Eg. Use of array and single variable data storage
2. To increase your vocabulary of useful programming constructs.
- Language or the syntaxes/commands aid the programmer to implement the logic of the program
- In searching for the data and program structures suitable to the solution of a problem, one tends to think only of structures that are immediately expressible in the languages with which one is familiar.
- By studying the constructs provided by the wide range of languages and the manner in which these constructs are implemented, the programmer increases his programming “vocabulary”.
3. To allow better choice of programming language
- Ex. C and Java
4. To make it easier to learn a new language
- A thorough knowledge of a variety of programming language constructs and implementation techniques allows the programmer to learn constructs and implementation techniques allows the programmer to learn a new language more easily when the need arises
5. To make it easier to design a new language
- The user interface can be designed by a programmer if he has a thorough knowledge of the p.l.
- The user interface consists of the commands and data formats that are provided for the user to communicate with the program
- The aspect of program design is often simplified if the programmer is familiar with a variety of constructs and implementation methods from ordinary programming languages.
Types of Programming Ltanguages
l Three types of programming languages
– Machine languages
l Strings of numbers giving machine specific instructions
l Example:
+1300042774 (these would really be in binary)
+1400593419
+1200274027
MACHINE LANGUAGES
v Comprised of 1s and 0s
v The “native” language of a computer
v Difficult to program – one misplaced 1 or 0 will cause the program to fail.
Example of code;
1110100010101 111010101110
10111010110100 10100011110111
– Assembly languages
l English-like abbreviations representing elementary computer operations (translated via assemblers)
l Example:
LOAD BASEPAY
ADD OVERPAY
STORE GROSSPAY
ASSEMBLY LANGUAGES
v Assembly languages are a step towards easier programming.
v Assembly languages are comprised of a set of elemental commands which are tied to a specific processor.

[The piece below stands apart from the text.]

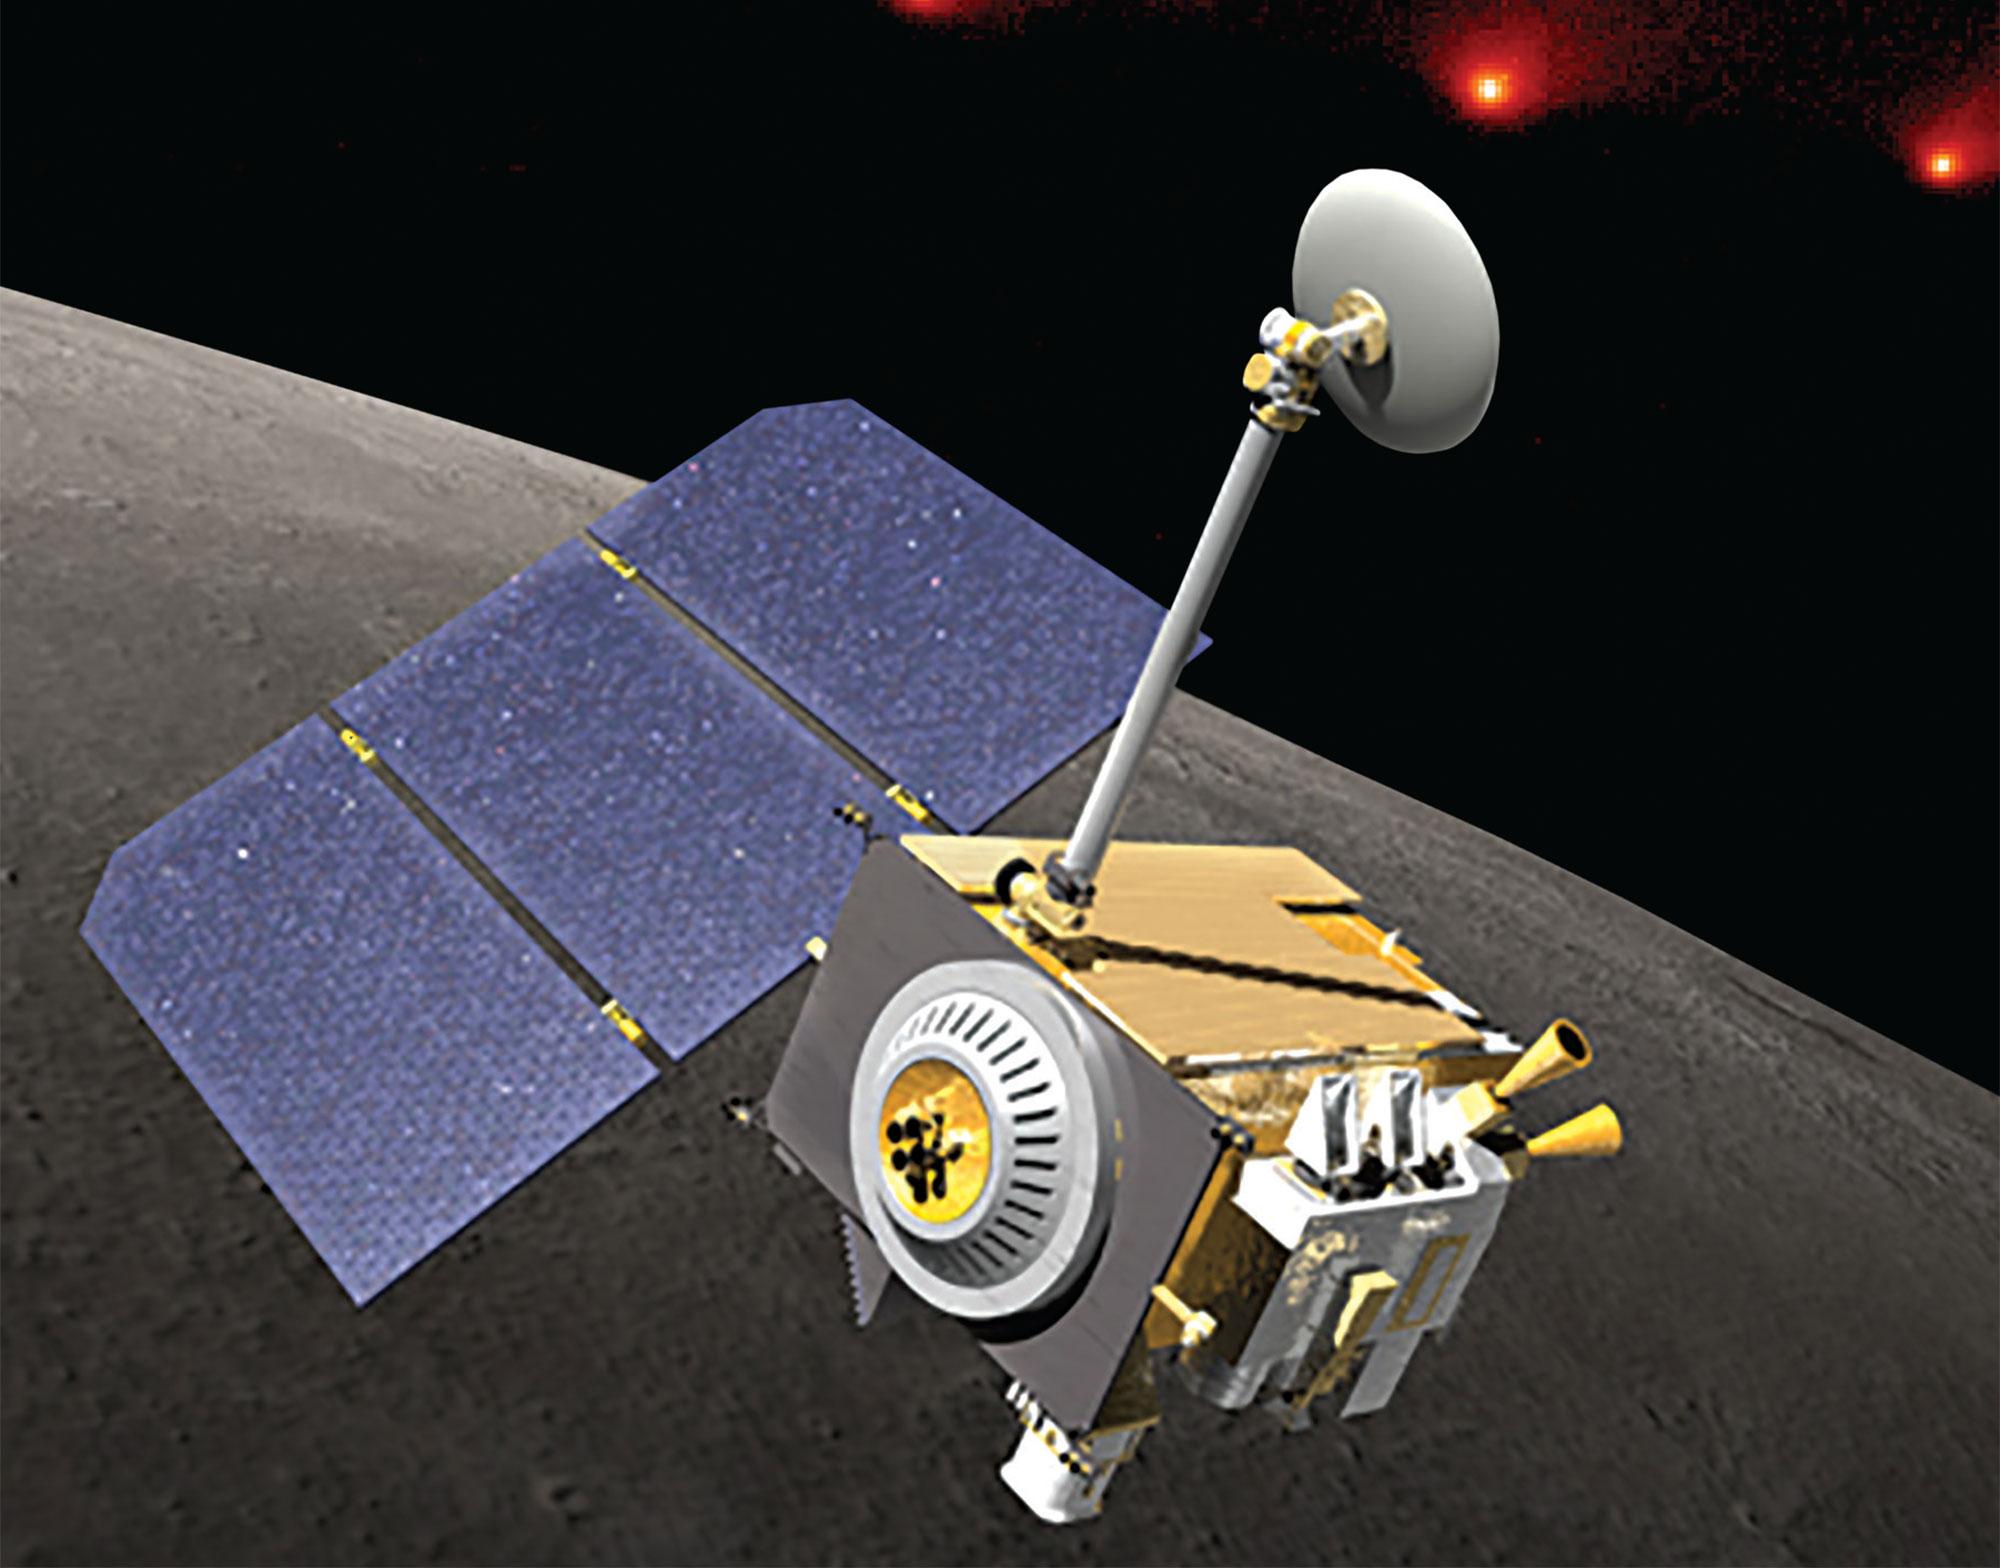 Lunar Reconnaissance Orbiter Camera (LROC) & Shoemaker-Levy Comet

v Assembly language code needs to be translated to machine language before the computer processes it.
Example:
ADD 1001010, 1011010
NB: Assembler:- A program for converting instructions written in low-level symbolic code into
machine code.
- A computer program which translates from assembly language to an object file or machine language format
- An assembler is a type of computer program that interprets software programs written in assembly language into machine language, code and instructions that can be executed by a computer.
– High-level languages
l Instructions closer to everyday English
– English is a natural language. Although high level programming languages are closer to natural languages, it is difficult to get too close due to the ambiguities in natural languages (a statement in English can mean different things to different people – obviously that is unacceptable for computer programming).

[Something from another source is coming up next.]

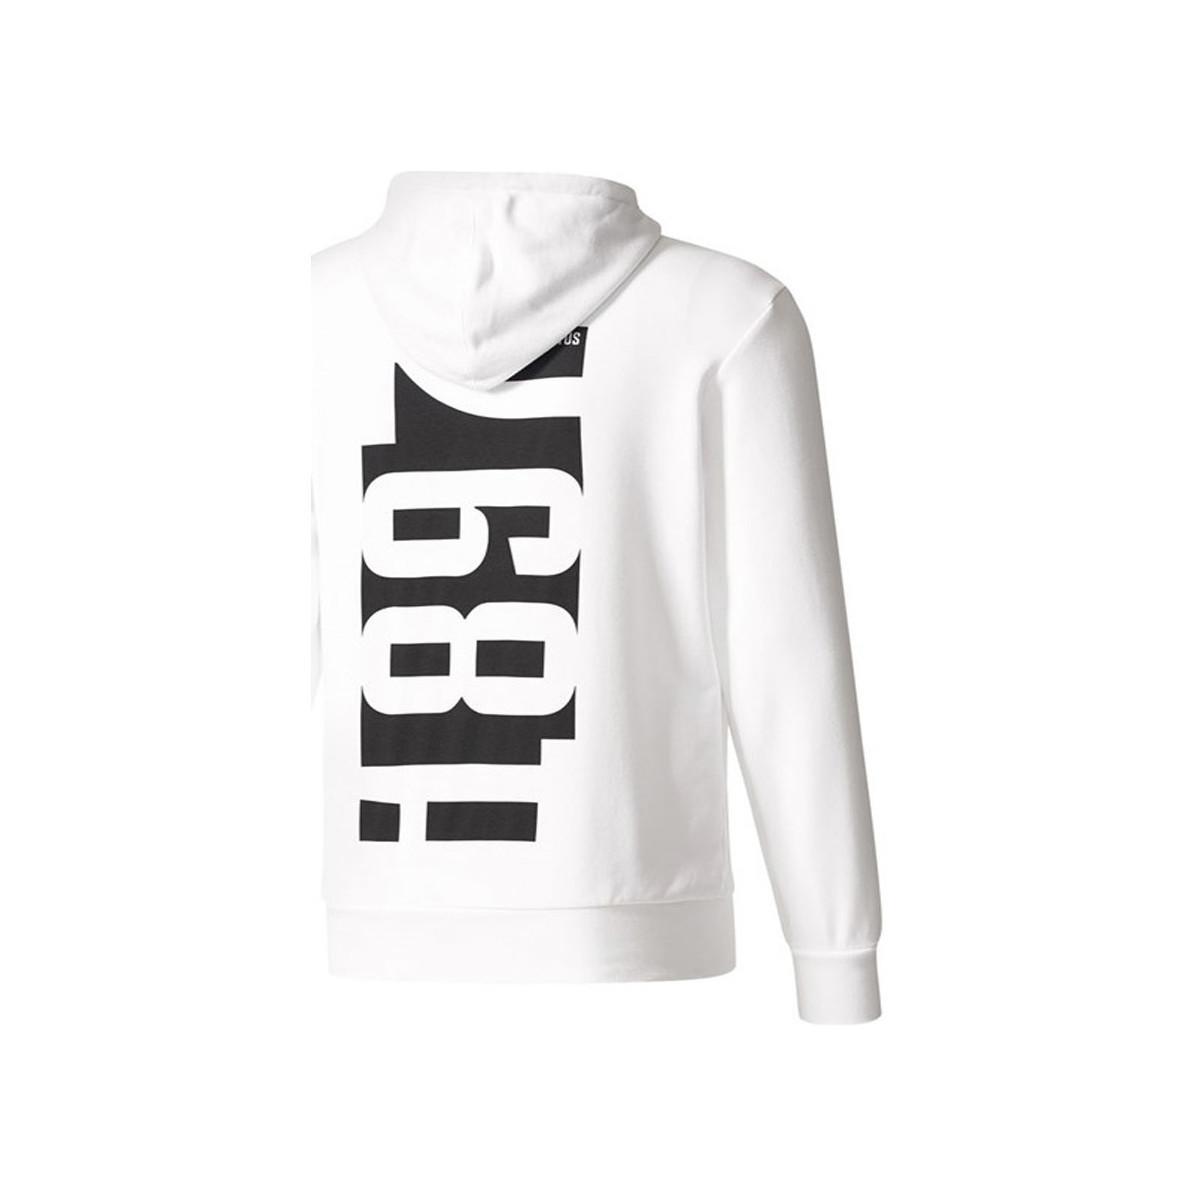 cb887f1f1 adidas 2017-2018 Juventus Hooded Top Men s Sweatshirt In White in ...

– Use mathematical notations (translated via compilers)
Example:
grossPay = basePay + overTimePay
– Interpreter – Executes high level language programs without compilation.
HIGH-LEVEL LANGUAGES
v High-level languages represent a giant leap towards easier programming.
v The syntax of HL languages is similar to English.
v Historically, we divide HL languages into two groups:
– Procedural languages
– Object-Oriented languages (OOP)
A compiler:-
- Is a special program that processes statements written in a particular programming language and turns them into machine language or "code" that a computer's processor uses. Typically, a programmer writes language statements in a language such as Pascal or C one line at a time using an editor.The file that is created contains what are called the source statements.
- Is a program that translates a source program written in some high-level programming language (such as Java) into machine code for some computer architecture (such as the Intel Pentium architecture). The generated machine code can be later executed many times against different data each time.
An interpreter:–
- Is a program that reads an executable source program written in a high-level programming language as well as data for this program, and it runsthe program against the data to produce some results.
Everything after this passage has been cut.